# GM Theftlock 2003



## gregzoll (Dec 25, 2006)

Just get a cheap unit from Crutchfield, along with the module that bypasses the theft lock. We did that with our Trailblazer, so that we could have XMRadio in it.


----------



## polarzak (Dec 1, 2008)

Thanks, but even the cheap one, is worth more than her car. $25.00 from the wrecker is more appropriate.


----------



## DexterII (Jul 14, 2010)

Polarzak, I'm not going to elaborate, because my knowledge in this area is strictly limited to a conversation that I had with one of the local GM technicians after I replaced the battery in my '02, and then realized that I had lost or misplaced my unlock code. Anyway, it seems to me that he said that beginning the next year, or 2003, the radios were vehicle specific, or whatever, meaning that those equipped with Theftlock would not work until they were programmed to the vehicle, which could only be done by the dealer. A bit of a pain in the butt, I know, but, on the the other hand, it doesn't make a lot of sense to install a security system and then post the procedure to get around it on the internet.

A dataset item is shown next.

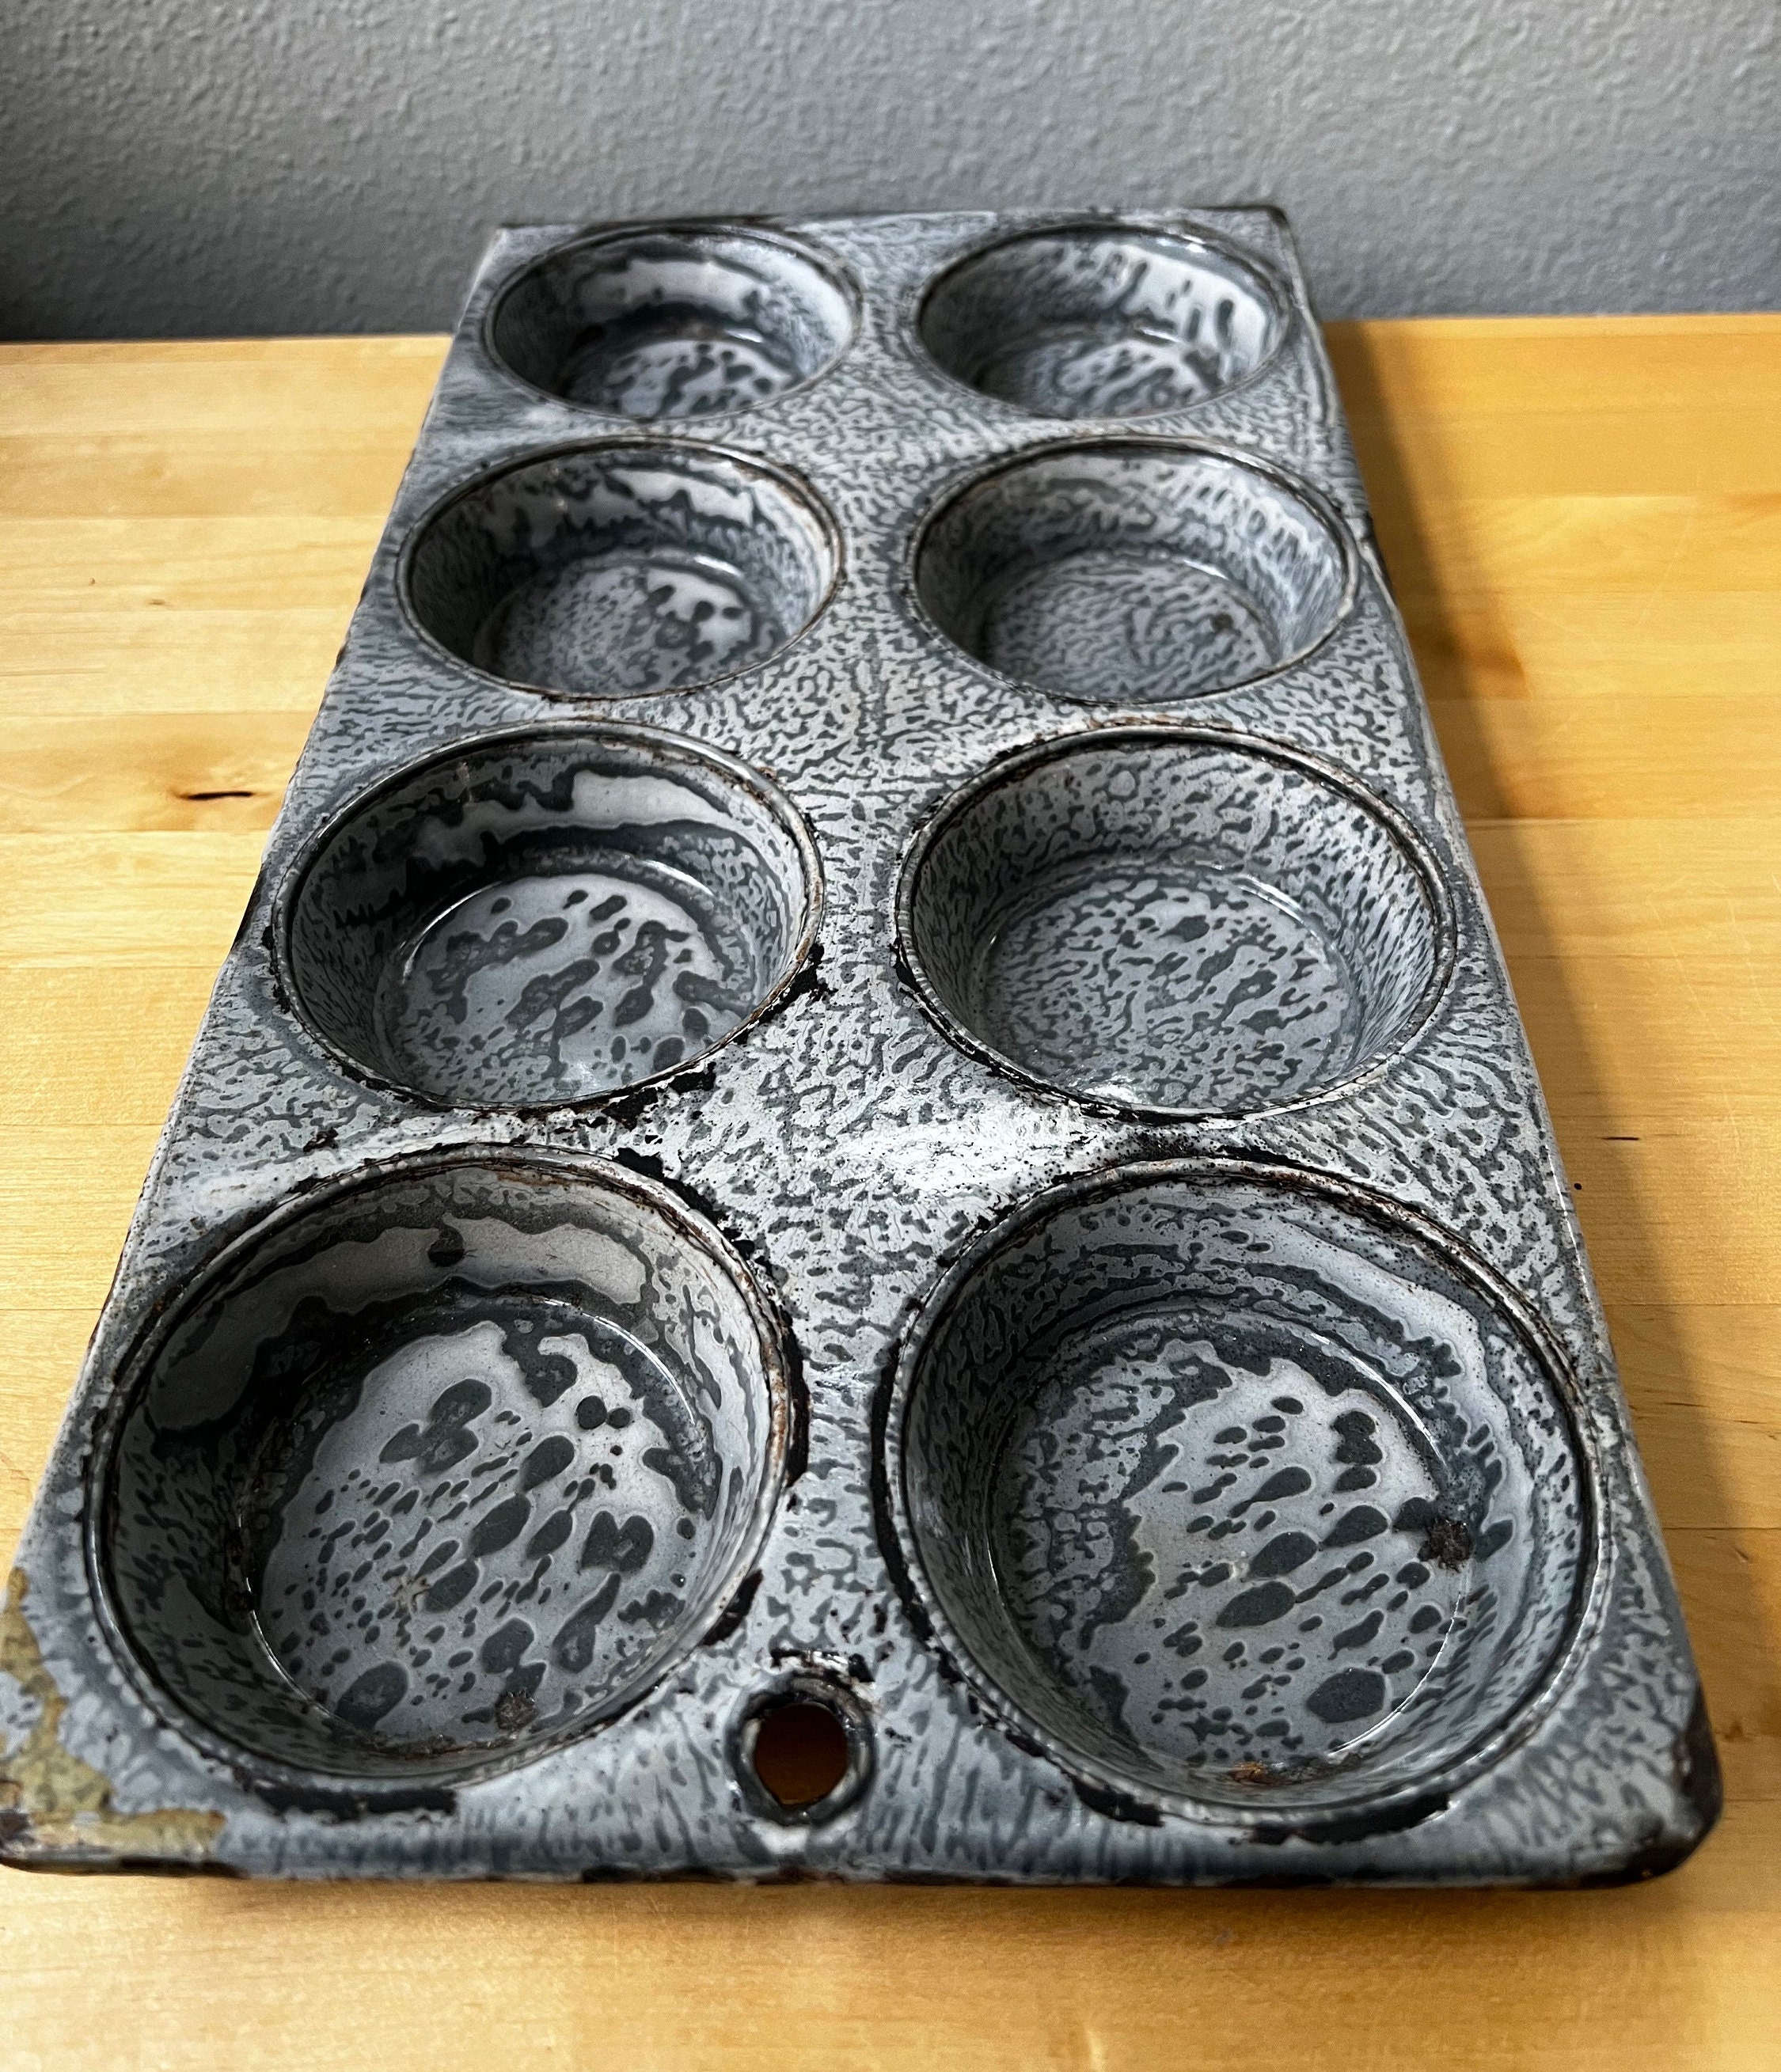 casaWare Ceramic Coated NonStick 12 Cup Muffin Pan (Red Granite

That said, I would think that they might ask for a receipt for the purchase of the radio as well.


----------



## polarzak (Dec 1, 2008)

Thanks DexterII, I have a feeling you might be correct. Apparently the later radios are tied to the VIN, and so the BCM must be programmed to recognize the new radio. I will still pick this one up and give the "press the buttons and search for a code" trick, and if not successful, take it to the dealer. I already called and they want $40.00.
I will have the bill from the auto wrecker.


----------